* _Given data_
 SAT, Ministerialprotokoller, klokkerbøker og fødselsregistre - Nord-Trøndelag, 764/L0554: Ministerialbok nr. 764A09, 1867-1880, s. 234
==
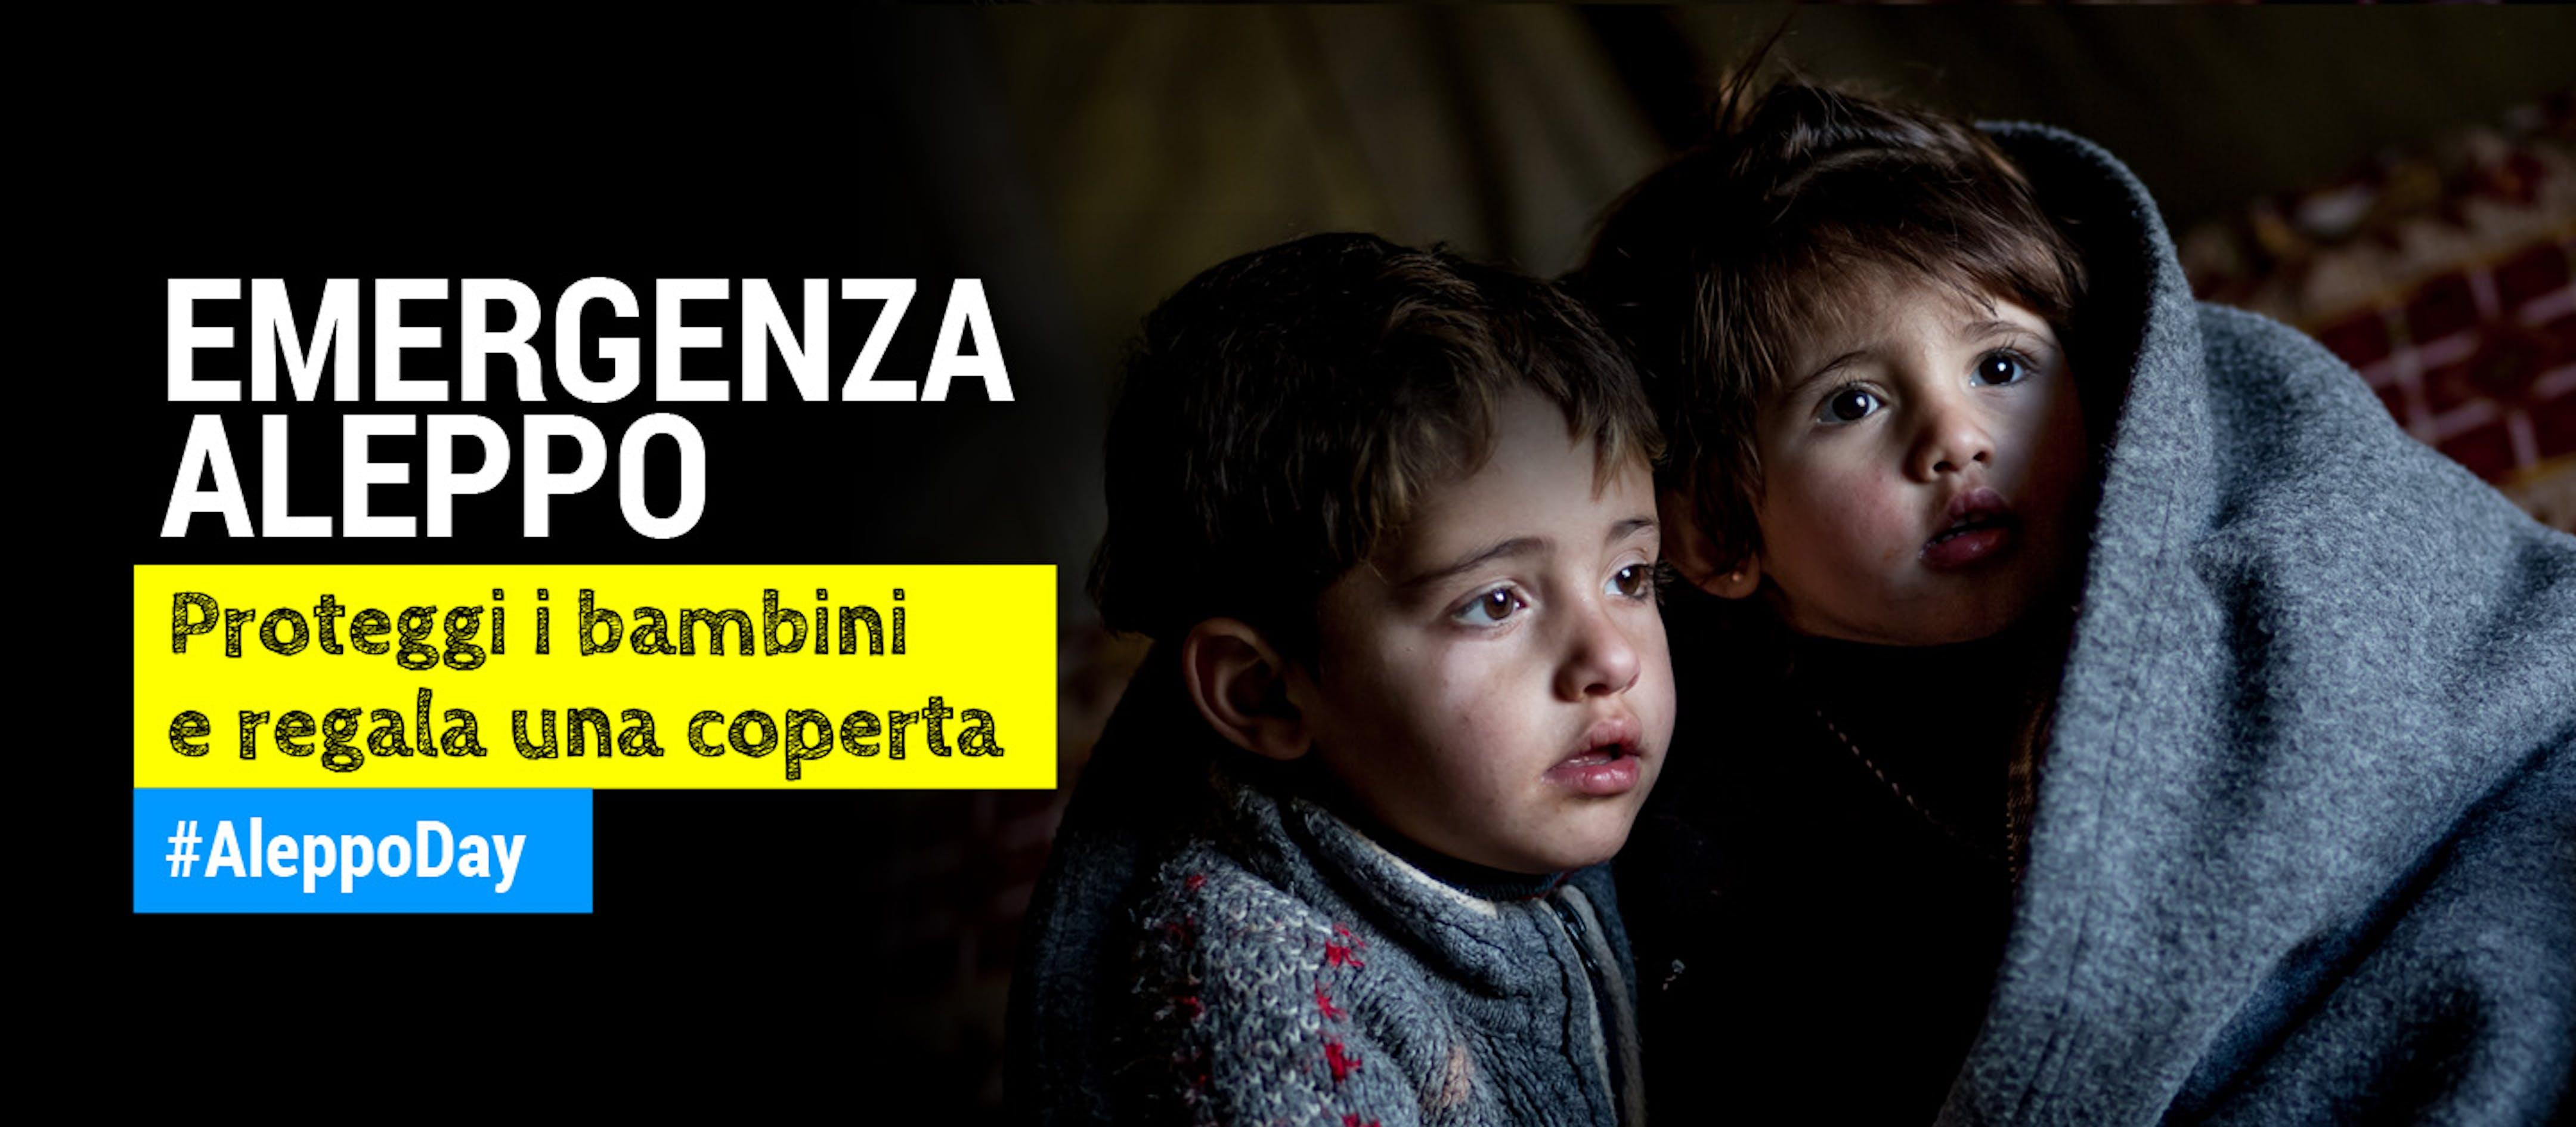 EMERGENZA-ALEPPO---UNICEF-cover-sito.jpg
...
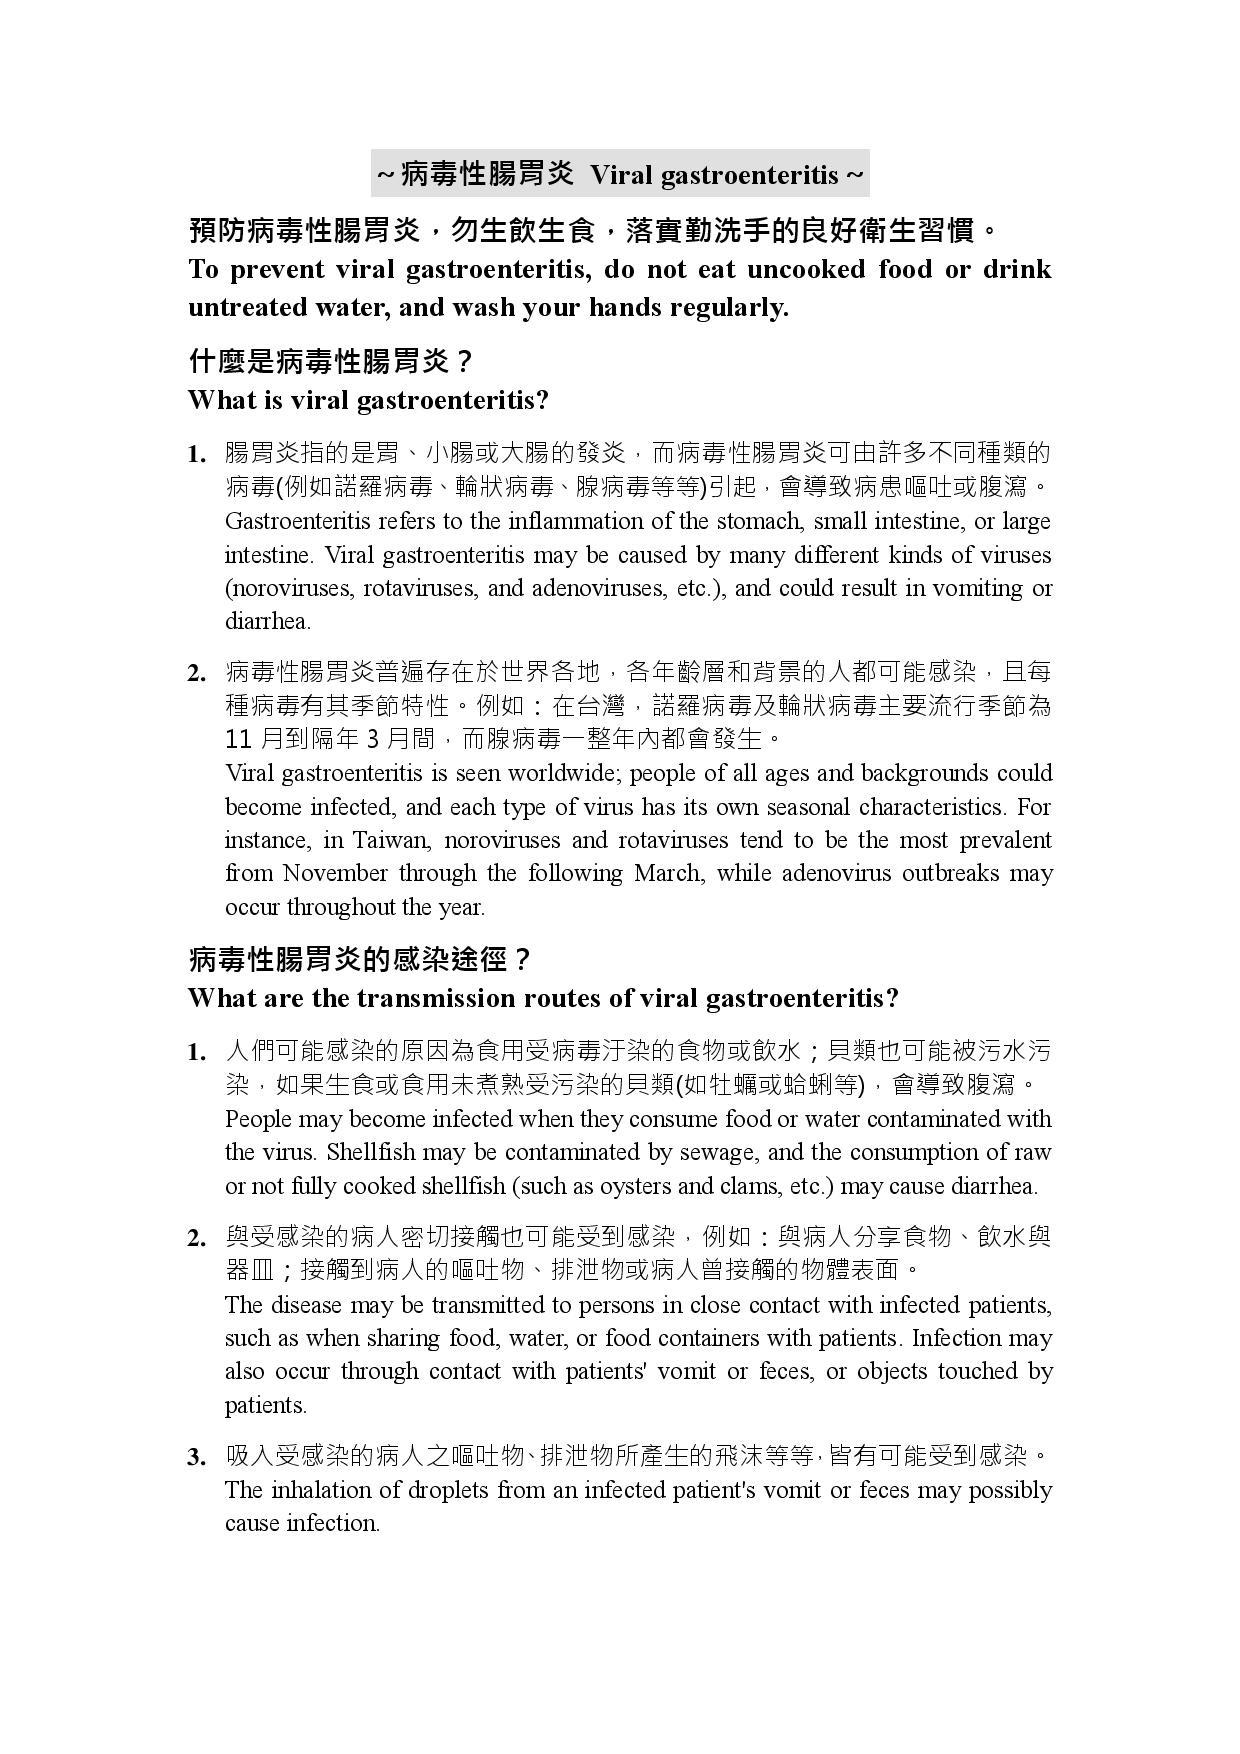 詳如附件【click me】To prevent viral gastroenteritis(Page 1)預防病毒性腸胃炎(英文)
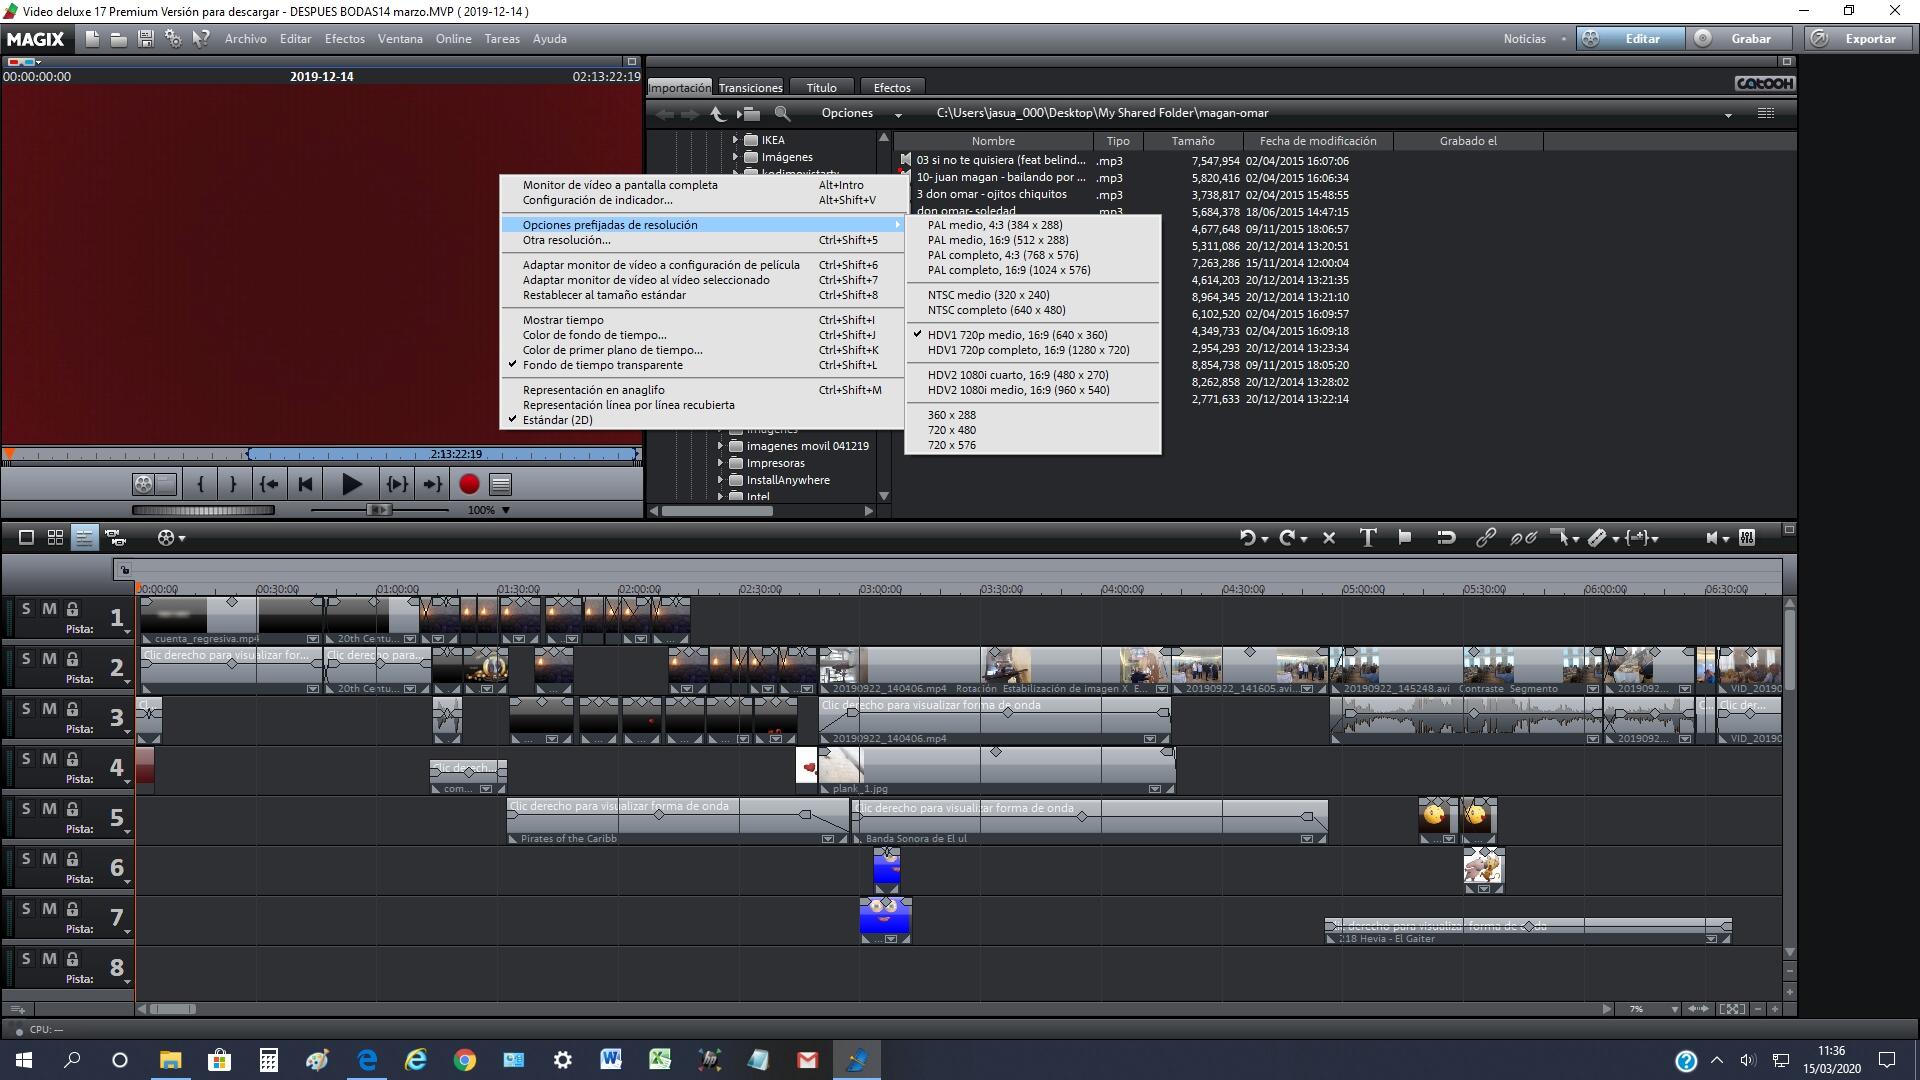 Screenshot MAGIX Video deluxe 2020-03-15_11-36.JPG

* _Task to complete_
Exactly reproduce the lines above, starting at the one that contains "詳如附件【click me】To prevent" and ending at the one that contains "Screenshot MAGIX Video", both inclusive; leave the pictures out and add no other lines.

* _Reply to the exercise_
 詳如附件【click me】To prevent viral gastroenteritis(Page 1)預防病毒性腸胃炎(英文)
 Screenshot MAGIX Video deluxe 2020-03-15_11-36.JPG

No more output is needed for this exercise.